Several studies have shown that the body and face are processed separately in the early stages of processing (in the EBA and OFA, respectively), and then integrated into a representation in the FG. Therefore, each brain region may not be independent when perceiving the whole person, but instead may be somewhat dependent on each other. Our future work requires further exploration of the relationship between these brain regions associated with body perception and face perception, followed by construction of a larger brain area based on these relationships to reveal the underlying mechanisms when perceiving the whole person. Additional future work should identify whether there are brain regions representing whole person patterns in a more complex way, such as the second-order combination of faces and bodies. Furthermore, choosing weights for the synthetic weighted mean approach based on the similarity of the produced synthetic weighted mean patterns to the whole person patterns may introduce a bias in the classification. Future work is needed to develop the novel method of the weight analysis in calculating the synthetic weighted mean patterns to minimize the bias in the pattern classification analysis.

Conclusion

This study provided tentative evidence that whole person patterns could be modeled by a linear combination of face and body patterns, and that there was emotional modulation in the EBA. Firstly, we found significant correlations between the whole person patterns and the synthetic mean patterns in the EBA for all three emotions. Secondly, the face and body patterns made equal contributions to integrating information when combining into whole person patterns for threatening expressions, while the face patterns shared a greater contribution for happy expressions. To summarize, we suggest that there are significant correlations in perceiving emotions expressed by dynamic faces, bodies, and whole persons. Furthermore, the human brain can perceive whole persons in a part-based manner in the EBA. Our study provided new evidence that emotions can modulate the correlations between different patterns. Future work is needed to examine the detailed functional interactions in representing emotions of whole persons in specific brain areas, and the differences between emotional modulation and the modulation of neutral conditions within each specific brain regions.

Author Contributions

BL designed the experiments. XY, JX, and PW performed the experiments. XY, JX, and LC analyzed the results. XY and JX wrote the manuscript. JX, XL, and BW contributed to manuscript revision. All authors contributed to discuss the results and have approved the final manuscript.

Funding

This work was supported by the National Natural Science Foundation of China (Nos. 61271128, 61571327, and 61703302), Shandong Provincial Natural Science Foundation of China (No. ZR2015HM081), and Project of Shandong Province Higher Educational Science and Technology Program (J15LL01).

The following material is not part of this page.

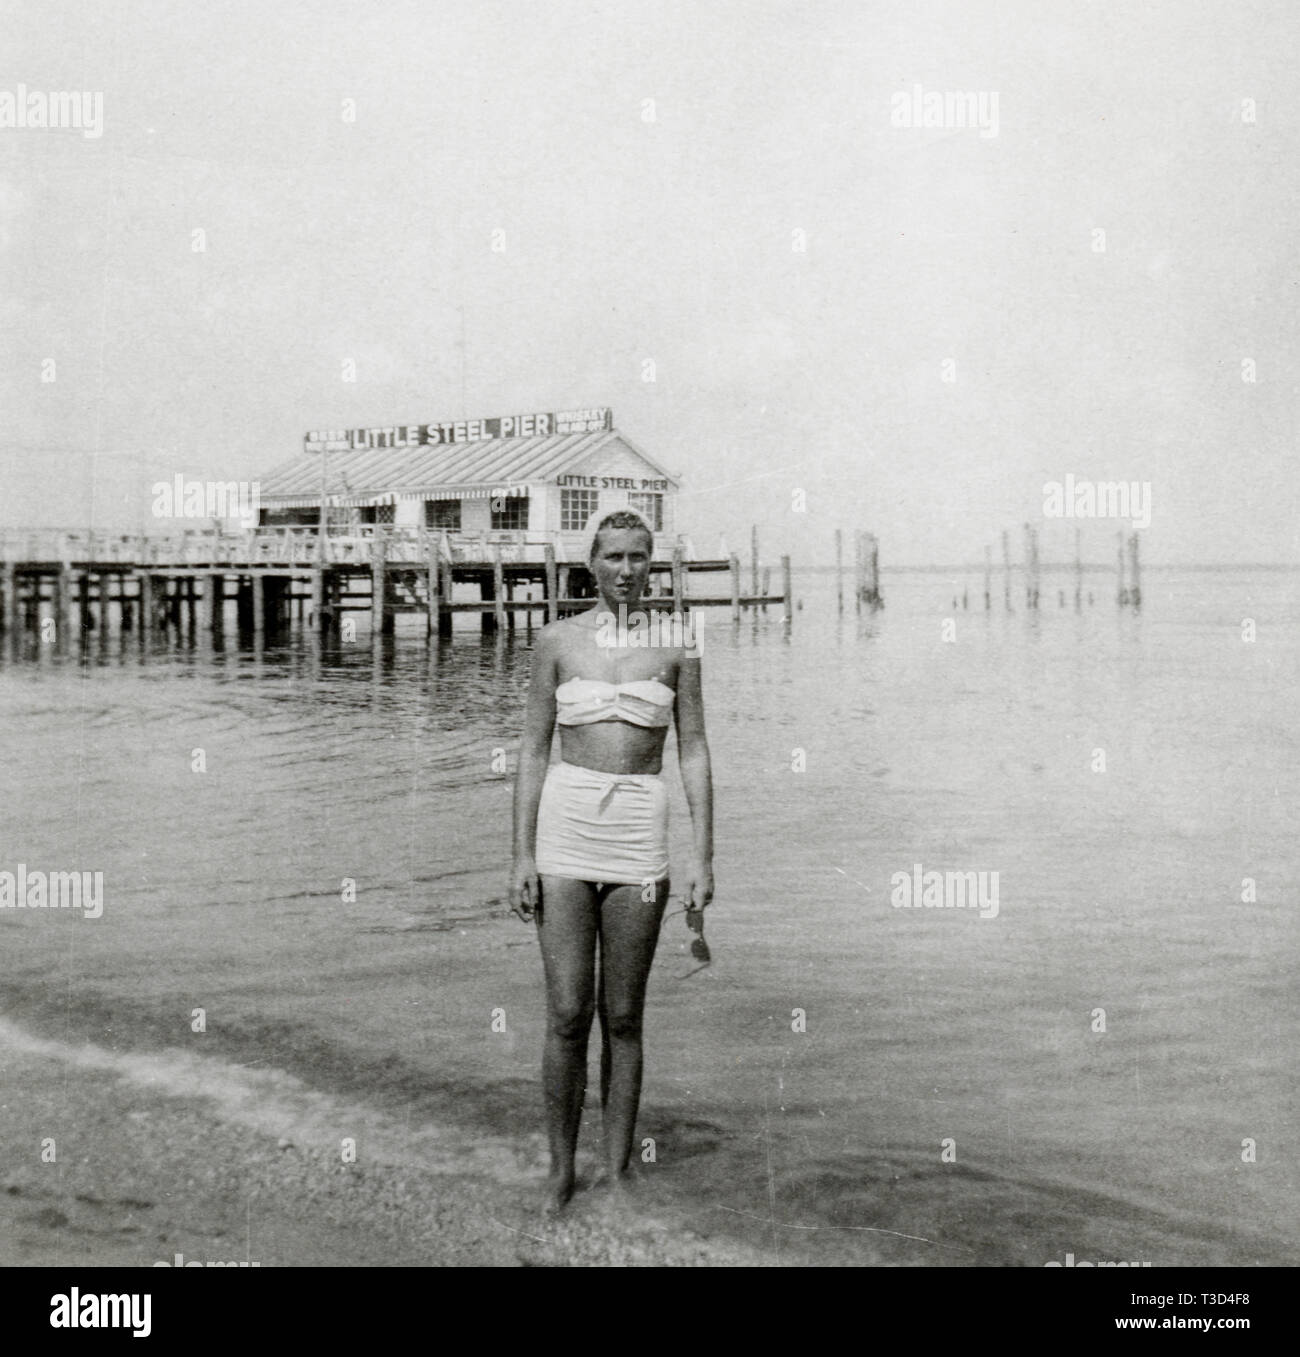 Colonial Beach, Virginia connu sous le nom de "Las Vegas du pauvre' et 'Las Vegas sur le Potomac" lorsqu'il a pris de l'importance au début des années 50. Le jeu a été admis et les casinos, comme le peu de Steel Pier, s'envola pour mettre en dollars pour la communauté. Le peu de Steel Pier fut bientôt renversé par un ouragan et le succès instantané d'une ville est entrée en déclin après avoir joué a été de nouveau interdit en 1958. Ces images montrent Colonial Beach au début de son retour en 1950. Banque D'Images

Conflict of Interest Statement

The authors declare that the research was conducted in the absence of any commercial or financial relationships that could be construed as a potential conflict of interest.

Acknowledgment

We would like to thank Prof. Irene Rotondi (Campus Biotech, University of Geneva, Switzerland) for supplying the GEMEP Corpus.

Supplementary Material

The Supplementary Material for this article can be found online at: https://www.frontiersin.org/articles/10.3389/fnhum.2017.00653/full#supplementary-material

FIGURE S1 | Results of multi-voxel pattern analysis in a standardized color scale. We also tried to standardize the color scale, but the difference between the patterns of the brain regions became insignificant.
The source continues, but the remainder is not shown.